Given an image and a free-form, open-ended, natural language question about the image, the task is to provide an accurate natural language answer, as shown in Fig. 1.2. This task contains feature extraction of physical characteristics and abstract conceptions, such as color or number of the targets and the mental state of a target person. The artificial intelligence requires a vast set of abilities to answer the questions, including fine-grained recognition, object detection, activity recognition, knowledge base reasoning, and commonsense reasoning.
Fig. 1.2 Example of free-form, open-ended questions [1]
In the real case, the robot can get a sequence of images by exploring the environment instead of only one. The research topic had been extended to Embodied Question Answering (EQA) [2], [3]. An answering agent is spawned at a random location in an environment and asked a question related to the environment. The agent can perform primary navigation, such as moving forward and backward, turning left and right, also it perceives information of the surroundings through first-person vision. The goal of the agent is to navigate the environment and gather essential clues to answer the question.
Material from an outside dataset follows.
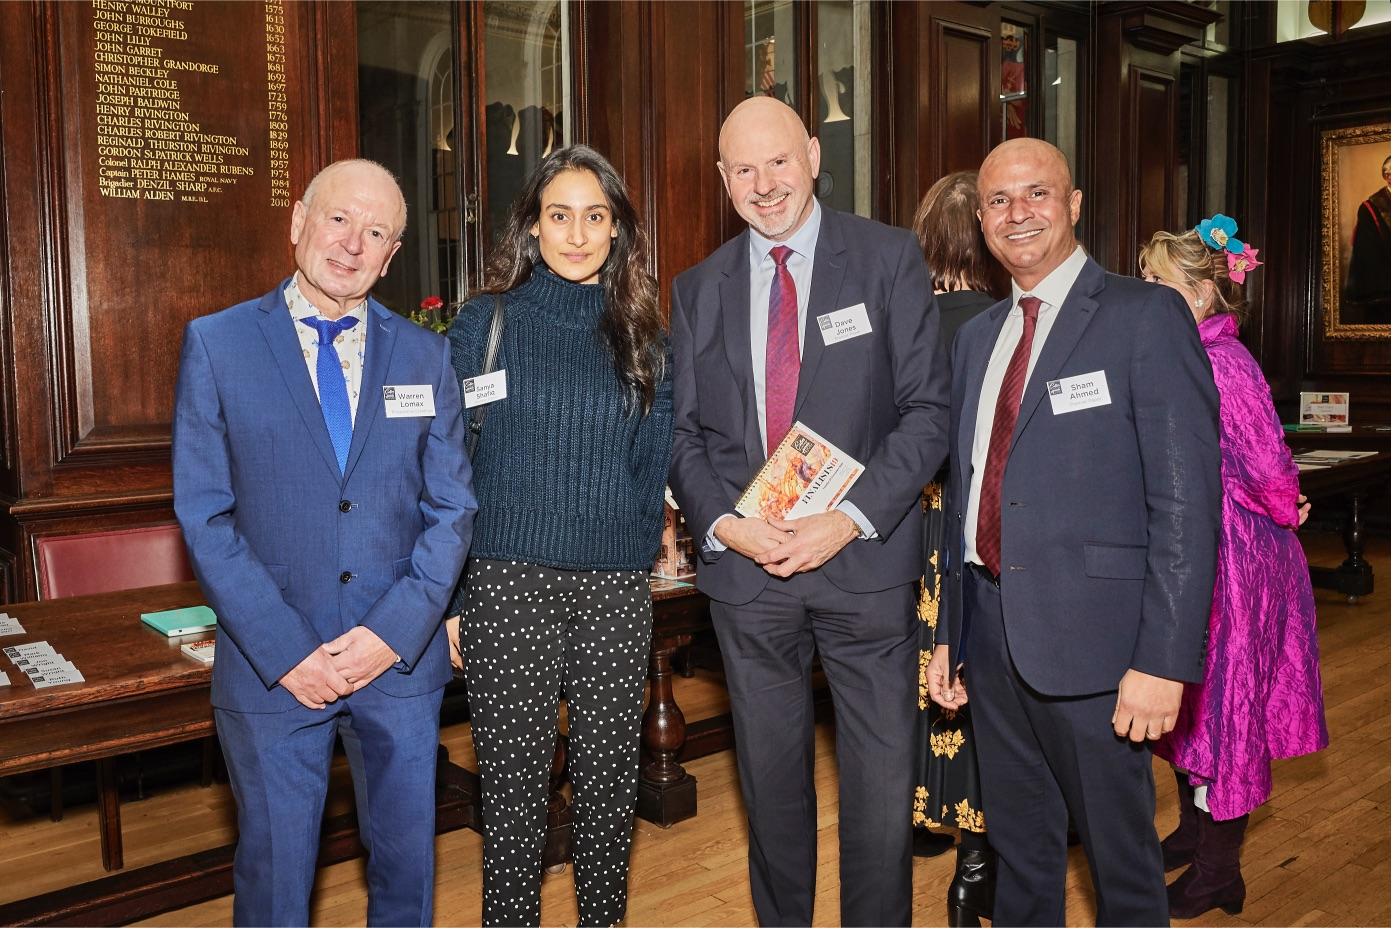 Above: (left-right) PG's Warren Lomax with Premier Paper's Sanya Shafiq, Dave Jones and Sham Ahmed.

In such a task, the system must be proficient in active perception, common sense reasoning, language grounding, and credit assignment.
As the EQA task only considers the mobility, the agent is only able to answer the questions passively. Interactive Question Answering (IQA) [4] deals with the question answering task that requires the agent to interact with a dynamic environment. With the interaction abilities, the agent can explore the map more thoroughly. In addition to the key challenges posed by VQA, an IQA system must be skilled in navigation, manipulation, and execution of a series of actions. As the service robots possess the manipulation and navigation ability, we are more interested in IQA tasks than EQA tasks and the original
VQA tasks. To implement question answering ability on the real robot, we enhance the IQA solving system and transplant it to our robot system.
1.3 Problem Statement
Question answering tasks are the fundamental basis for a service robot to complete various tasks. Firstly, the robot gets instructions from the user using natural language.
Without any manual and translation, the user can command the robot instinctively and conveniently. Next, it explores the environment to collect enough information to complete the tasks, including the position of the essential tools and required target objects. At last, it executes a series of actions to complete the task, such as a household robot cleaning the floor using a mop and a medical robot delivers medicine using a tray. We investigate three basic types of question which is related to environment recognition in the early stage of this research topic, including existence questions (Is there an apple in the kitchen?), counting questions (How many apples are in the kitchen?), and spatial relationship questions (Is there an apple in the fridge?).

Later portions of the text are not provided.